_Stored data_.
★ ★ ★ ★ ★

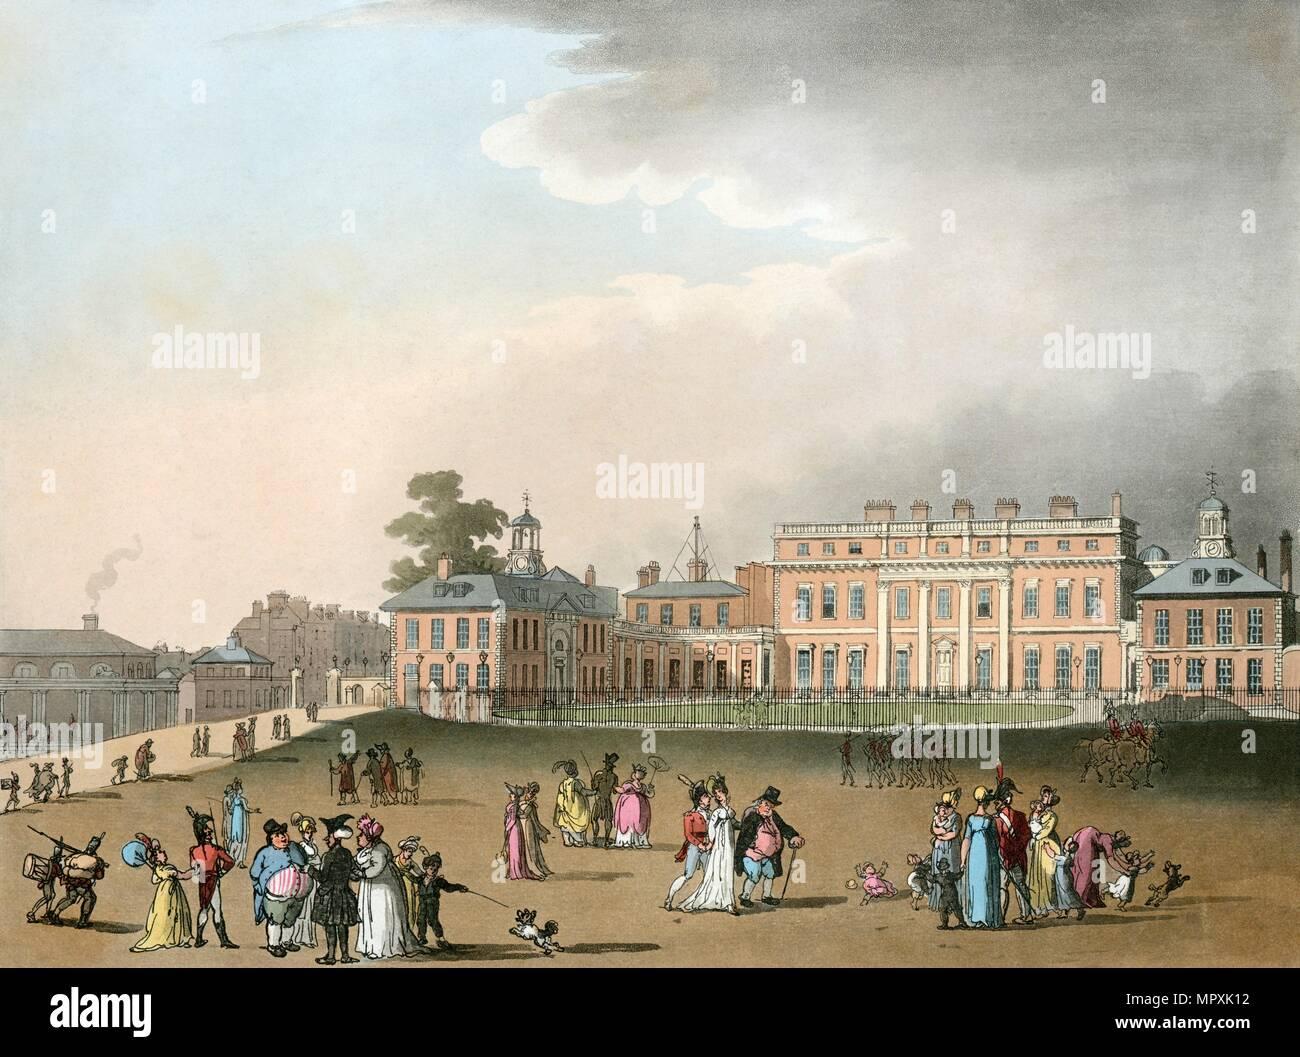 Buckingham Palace, London, 1809. Artist: Augustus Charles Pugin. - Stock Image
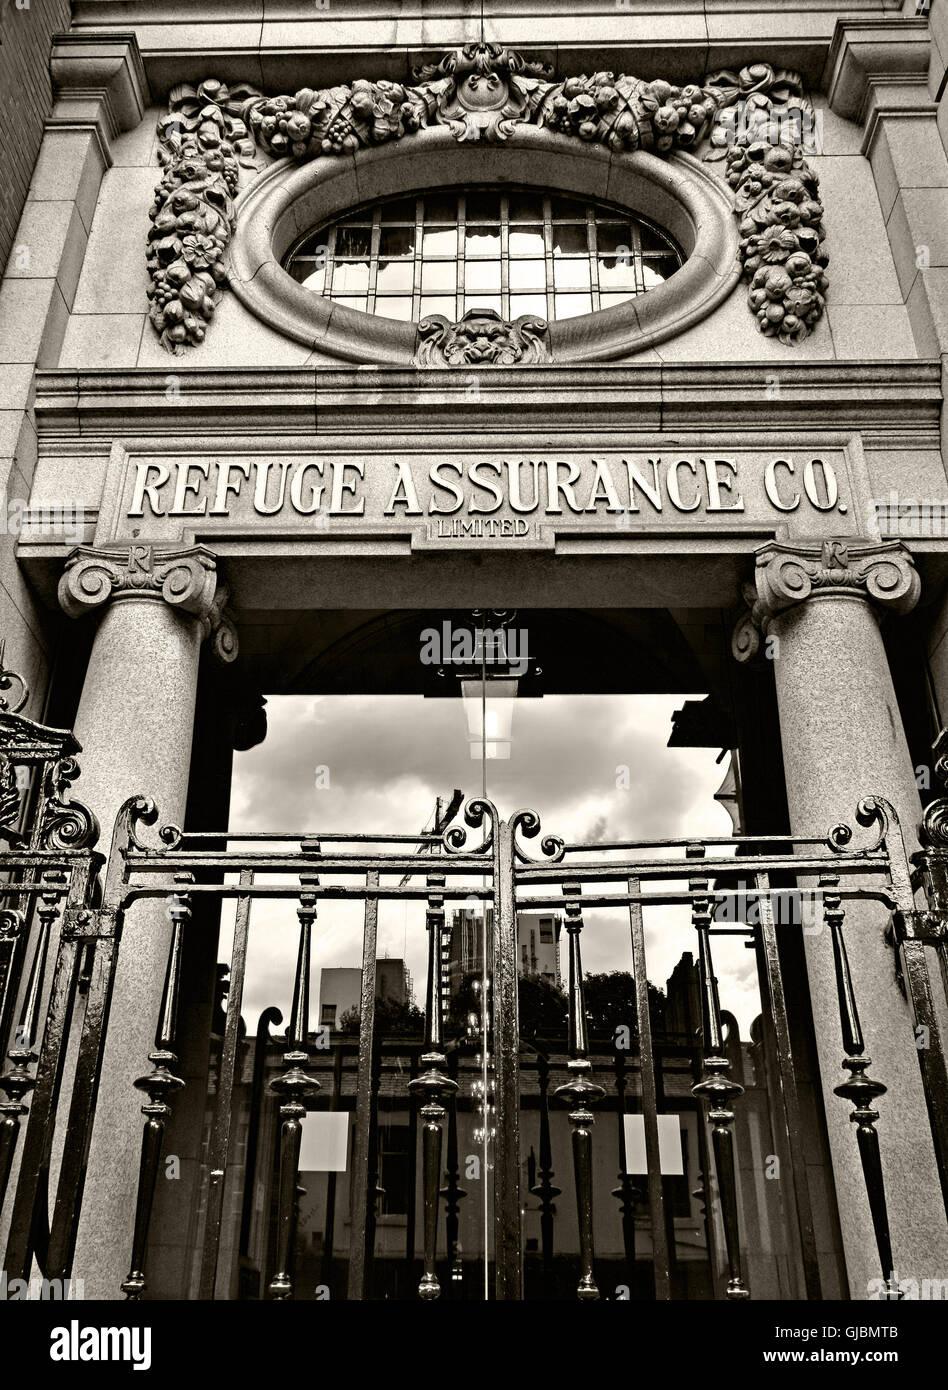 Laden Sie dieses Alamy Stockfoto Sepia Refuge Assurance Bürogebäude, Oxford Road Manchester, - GJBMTB
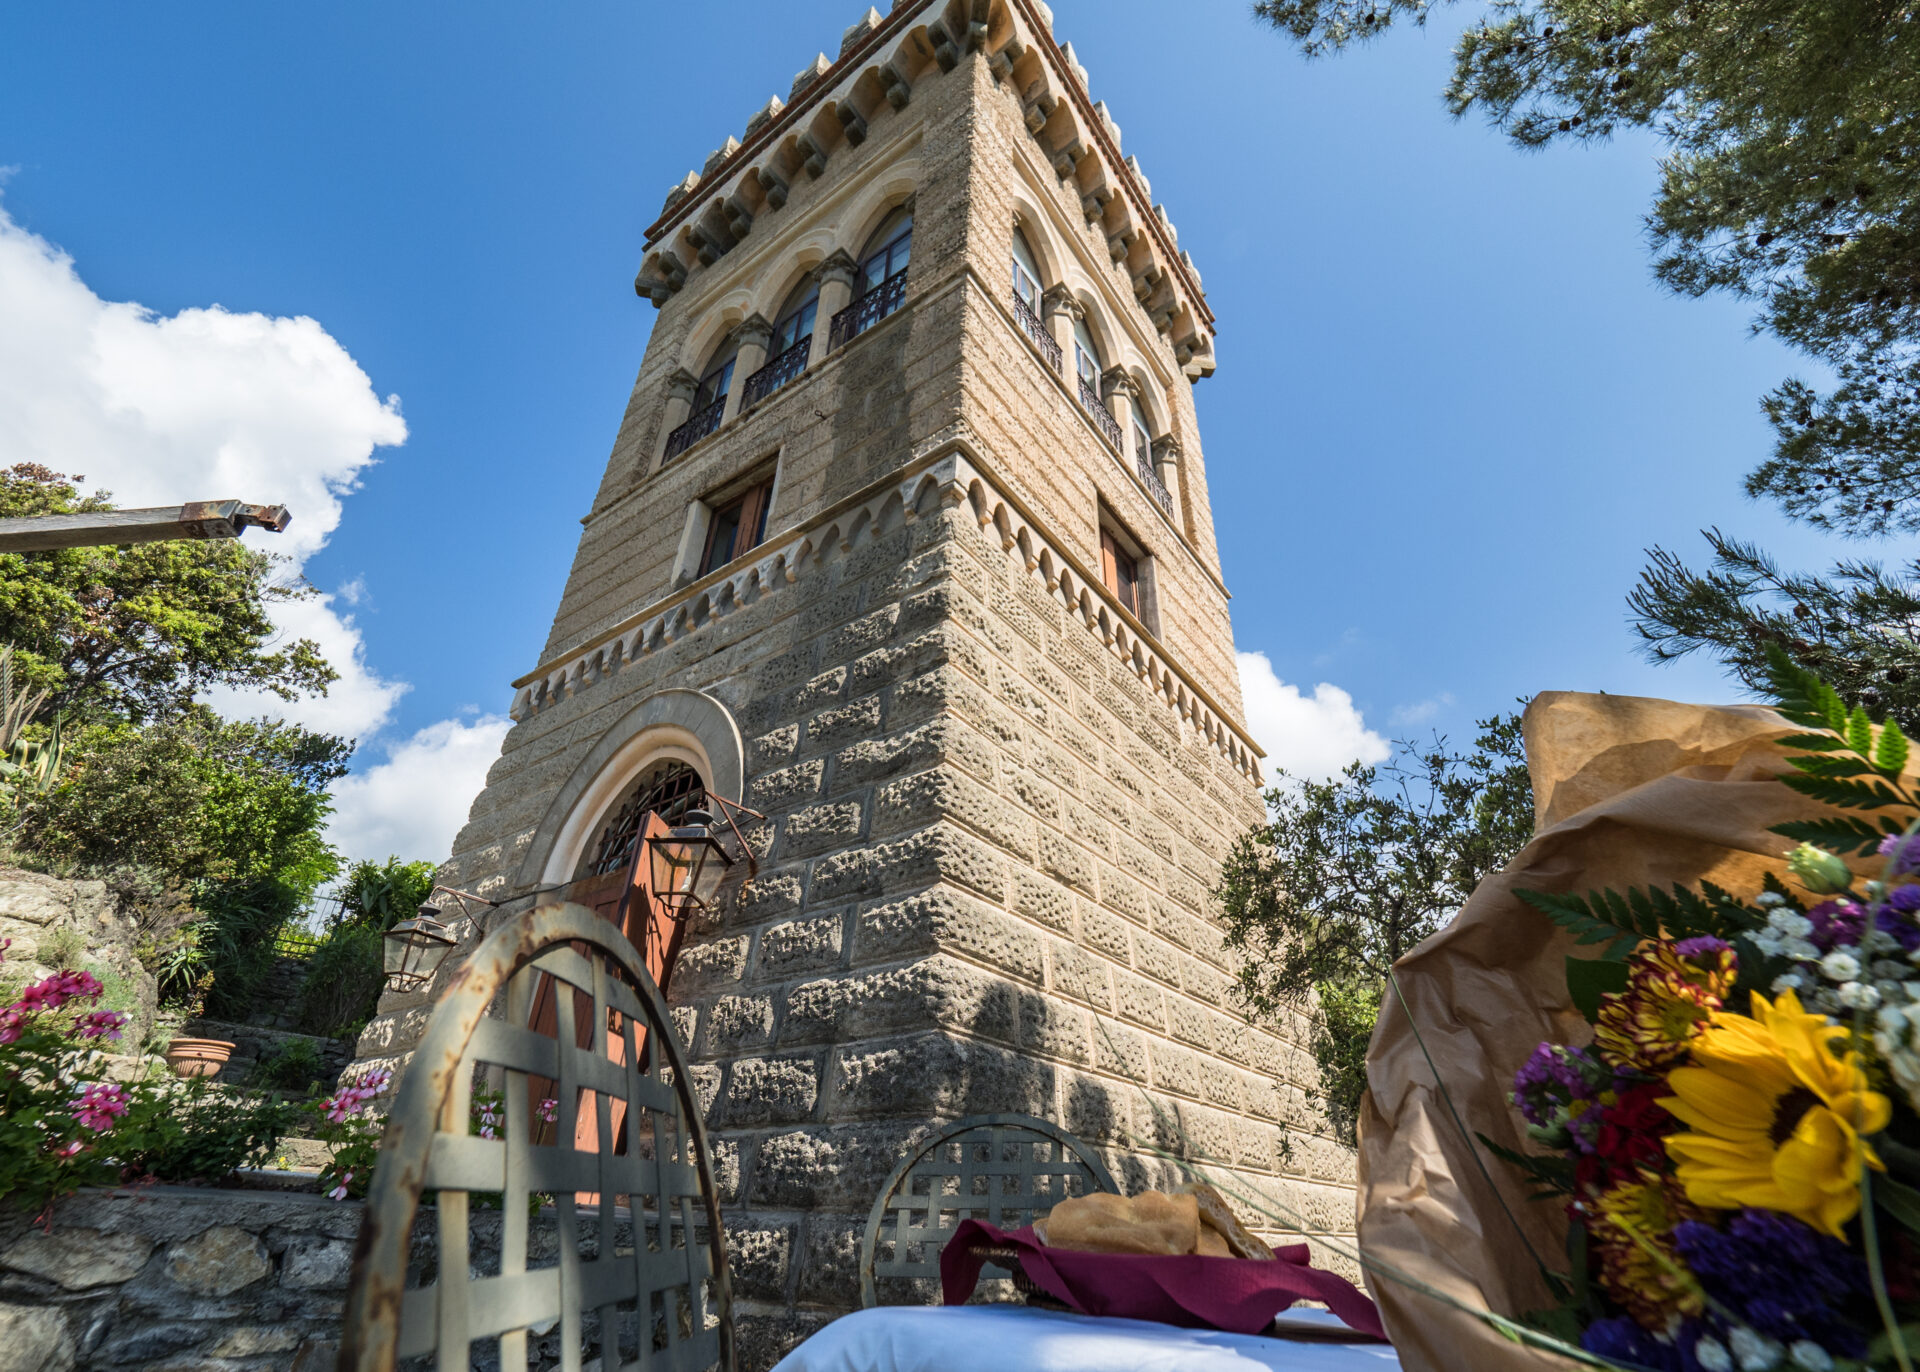 La Torre dei Merli Luxury Collection

★ ★ ★ ★ ★

_How to complete this task_.
Every line above should be repeated exactly; pictures stay out of the copy.

_Written response_.
 Buckingham Palace, London, 1809. Artist: Augustus Charles Pugin. - Stock Image
 Laden Sie dieses Alamy Stockfoto Sepia Refuge Assurance Bürogebäude, Oxford Road Manchester, - GJBMTB
 La Torre dei Merli Luxury Collection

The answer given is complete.